La Grande Désintégration
" La papyrolyse ne ruina pas seulement la vie économique. Ce n'est pas sans raison que l'on nomme cette période l'âge de la papyrocratie. Le papyr réglait et coordonnait toutes les activités sociales de l'homme ; il fixait en outre le sort des individus par un processus qu'il nous est difficile de comprendre (ce qu'on appelle les "papyrs d'identité"). " S'en suivirent plusieurs siècles de chaos avant qu'advienne le règne de la " cyberconomie globale ".
Stanislas Lem écrit à une époque où l'informatique est encore dans sa préhistoire, ce dont témoigne son texte : " Certes, les premières mémoires mécaniques avaient déjà fait leur apparition, mais c'étaient d'énormes machines d'un maniement délicat, ne servant qu'à effectuer un petit nombre de tâches spécialisées. On les appelait les "cerveaux électroniques". " Mais il pressent que l'avenir du stockage et du traitement de l'information est là.
Comment penser la transition ? L'auteur polonais l'imagine sur le mode de la catastrophe (une destruction brutale du papier suivi d'un chaos civilisationnel). Cette transition, nous avons la chance insigne de la vivre en direct... et en douceur. En douceur, vraiment ? N'est-ce pas plutôt un gant de fer dans une main de velours ?
" La révolution numérique bouleverse l'accès à l'information, au savoir, à la culture. L'utilisateur du réseau Internet le constate quotidiennement. Mais cette révolution ne touche pas seulement à l'accès à l'information ; elle concerne aussi sa production et sa conservation. On pressentait depuis vingt ans que sa portée économique et culturelle serait comparable à celle de l'invention de l'imprimerie. C'est aujourd'hui une certitude. "

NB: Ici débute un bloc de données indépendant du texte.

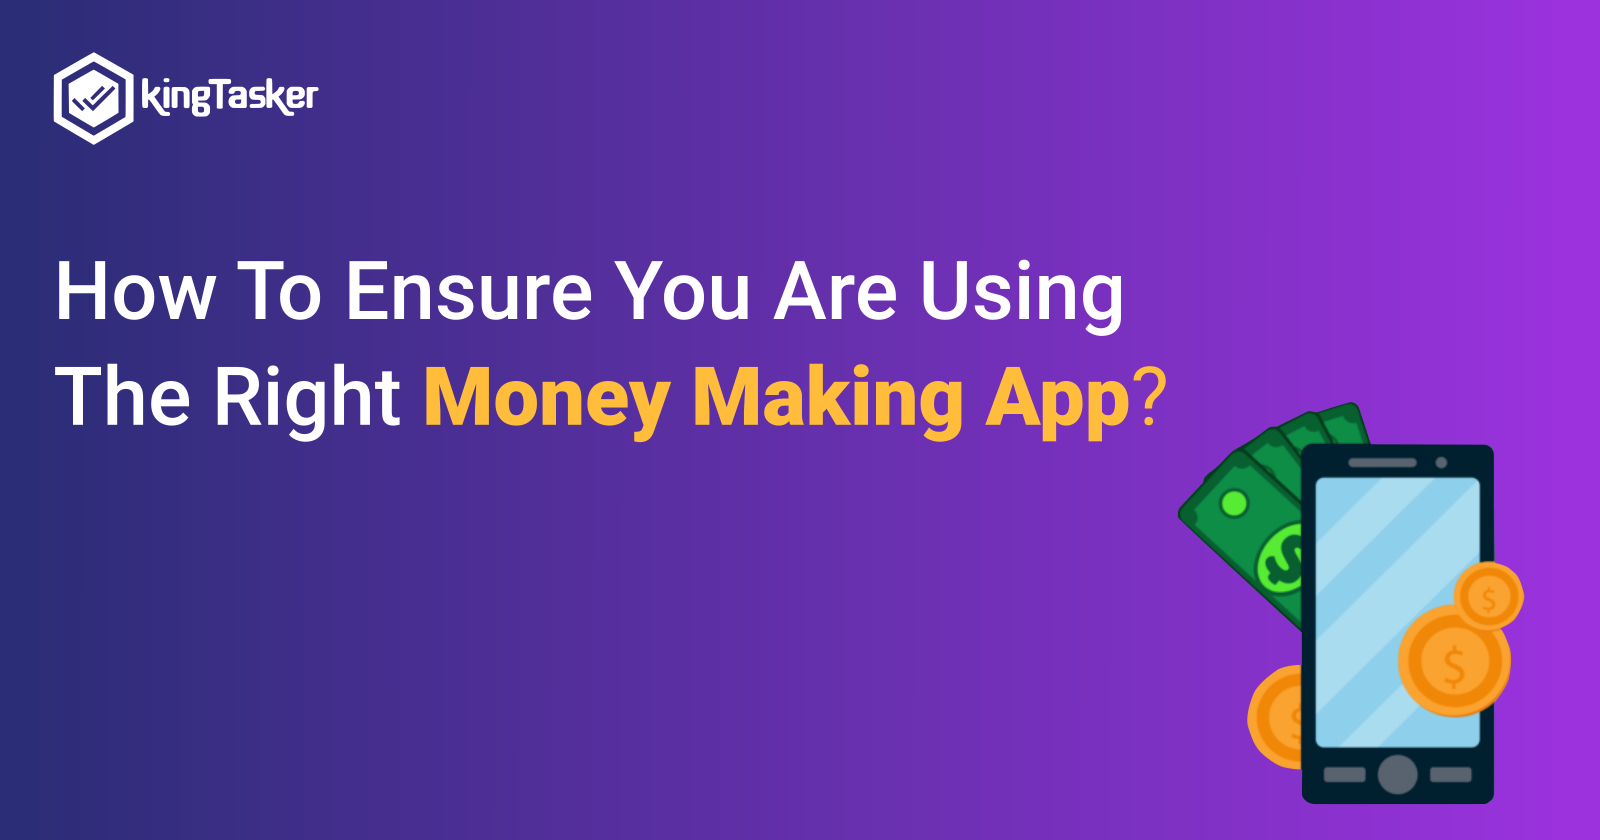 How To Ensure You Are Using The Right Money Making App?

Ces premières phrase d'un rapport de François Stasse(2), ancien directeur général de la BnF, au ministre de la Culture et de la communication, plantent on ne peut mieux le décor. Nous passons, écrit-il, du " paradigme de Gutenberg qui englobe l'univers du texte imprimé " à une " promesse culturelle et démocratique de la révolution numérique [qui] tient en ce que l'œuvre vient au lecteur sans que celui-ci doive se déplacer physiquement. "
Pour lire heureux lisons couché
Que devient le papier dans cette aventure ? Tout le malentendu vient de ce que l'on prend la partie pour le tout. Internet n'est pas seulement un système mondial de visionnement, et l'écran-clavier-souris n'est pas qu'un appareil de lecture.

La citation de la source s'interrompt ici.